**Raw data**
--- --- ---

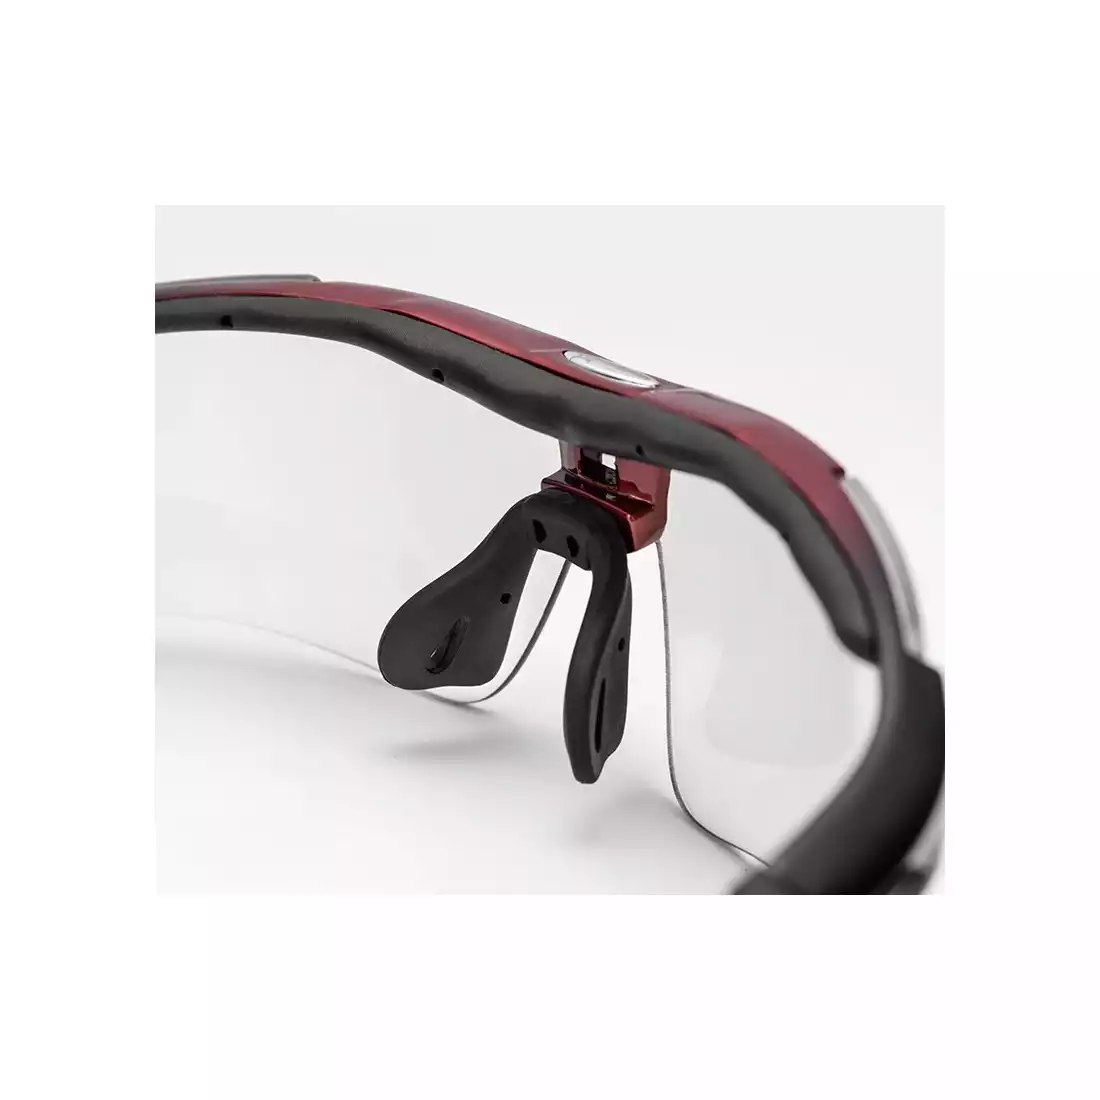 Rockbros okulary sportowe z fotochromem + wkładka korekcyjna red 10141
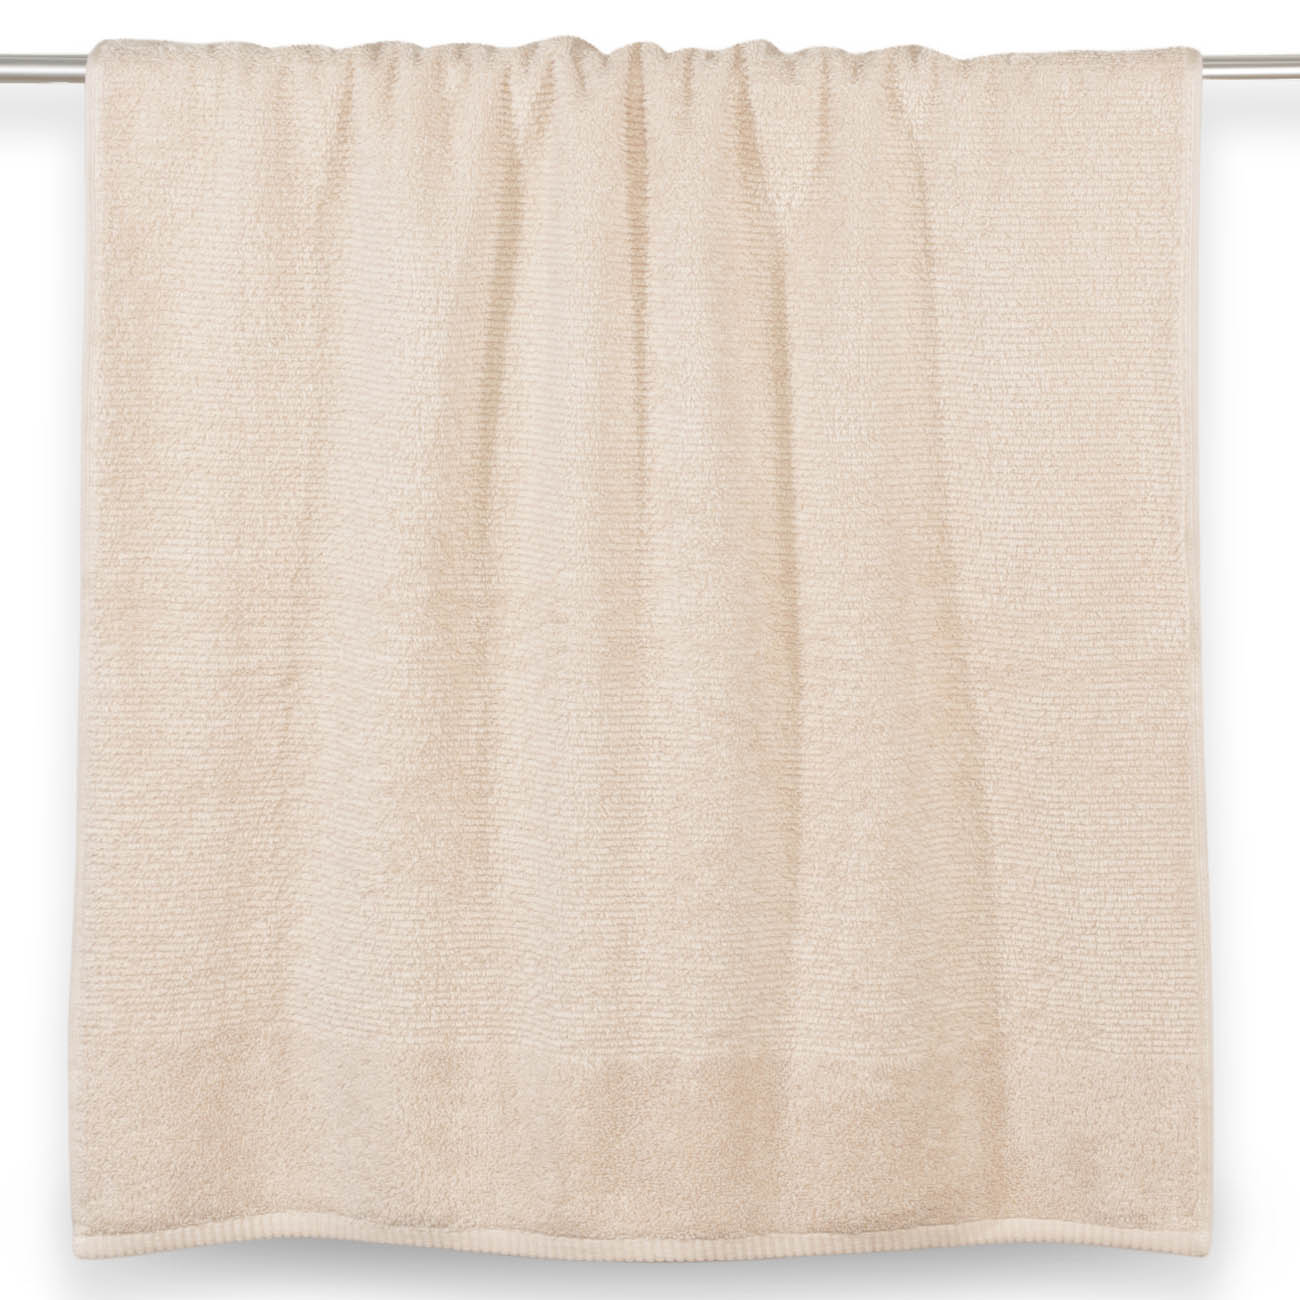 Towel, 70x140 cm, cotton, beige, Terry cotton изображение № 2
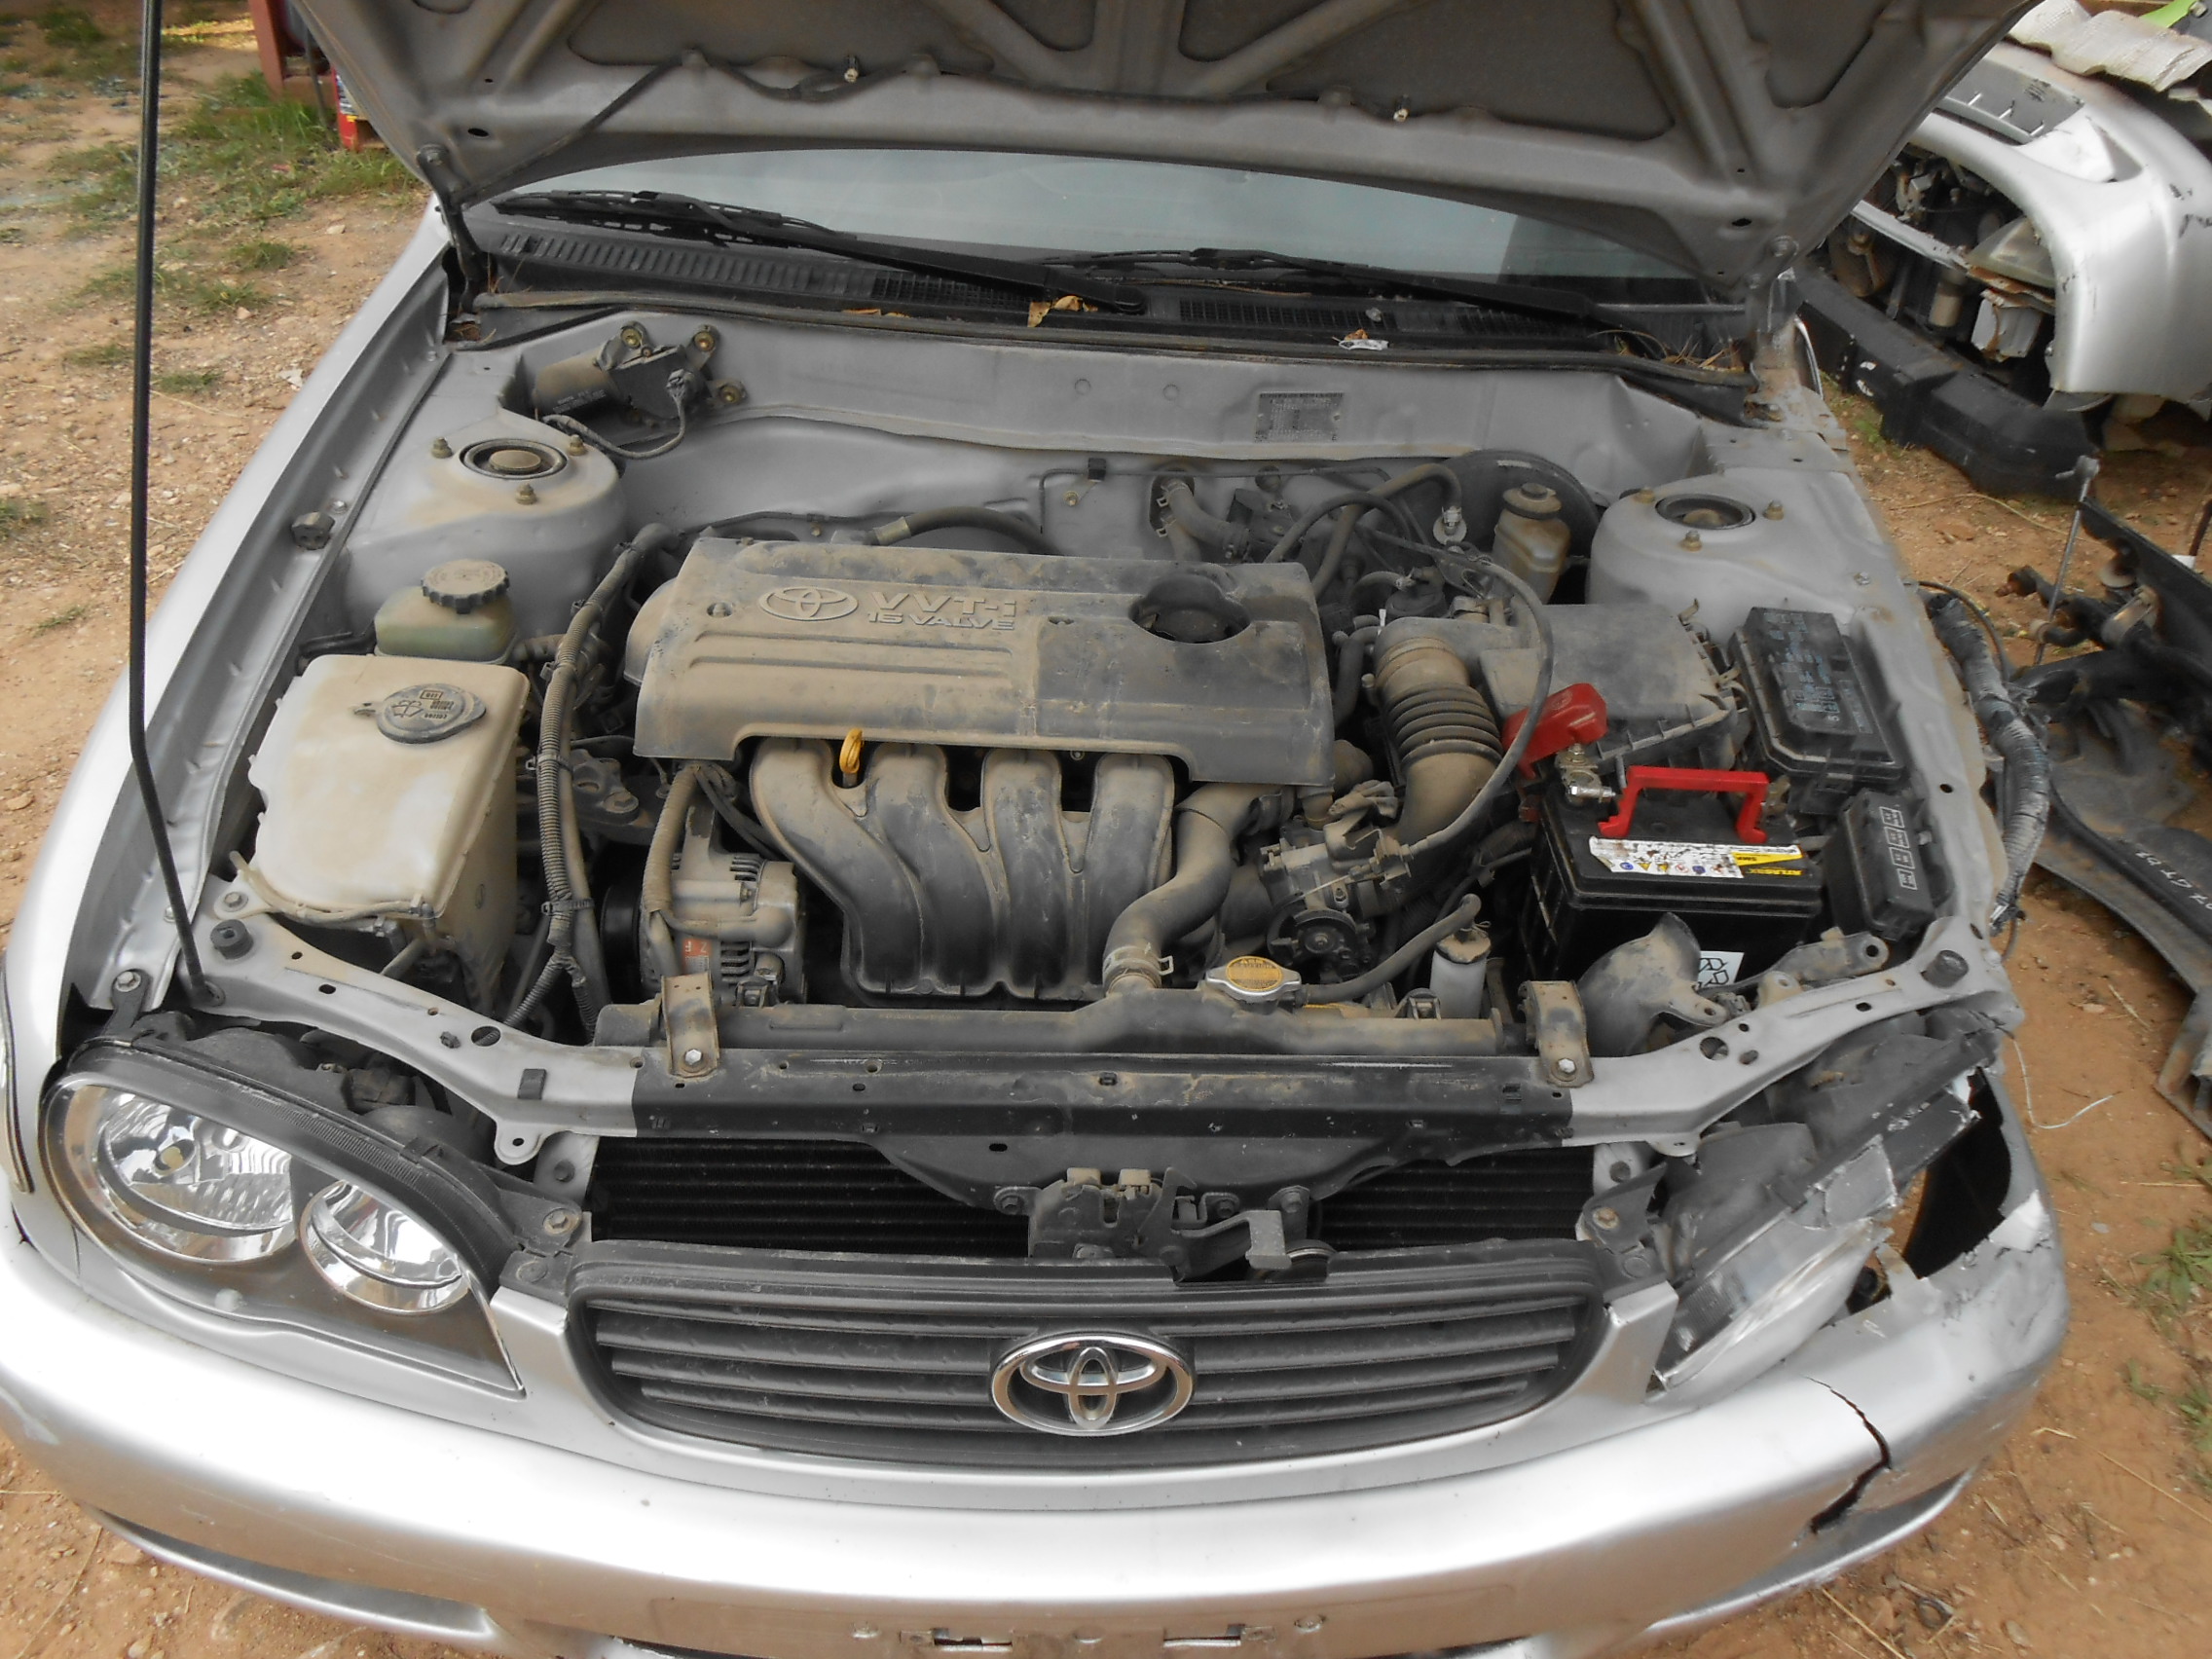 Ντίζες Ταχυτήτων Toyota Corolla VVT-i ’00 Σούπερ Προσφορά Μήνα

--- --- ---

**What is needed**
Exact copy, no pictures: please print the data above once more.

**Answer box**
 Rockbros okulary sportowe z fotochromem + wkładka korekcyjna red 10141
 Towel, 70x140 cm, cotton, beige, Terry cotton изображение № 2
 Ντίζες Ταχυτήτων Toyota Corolla VVT-i ’00 Σούπερ Προσφορά Μήνα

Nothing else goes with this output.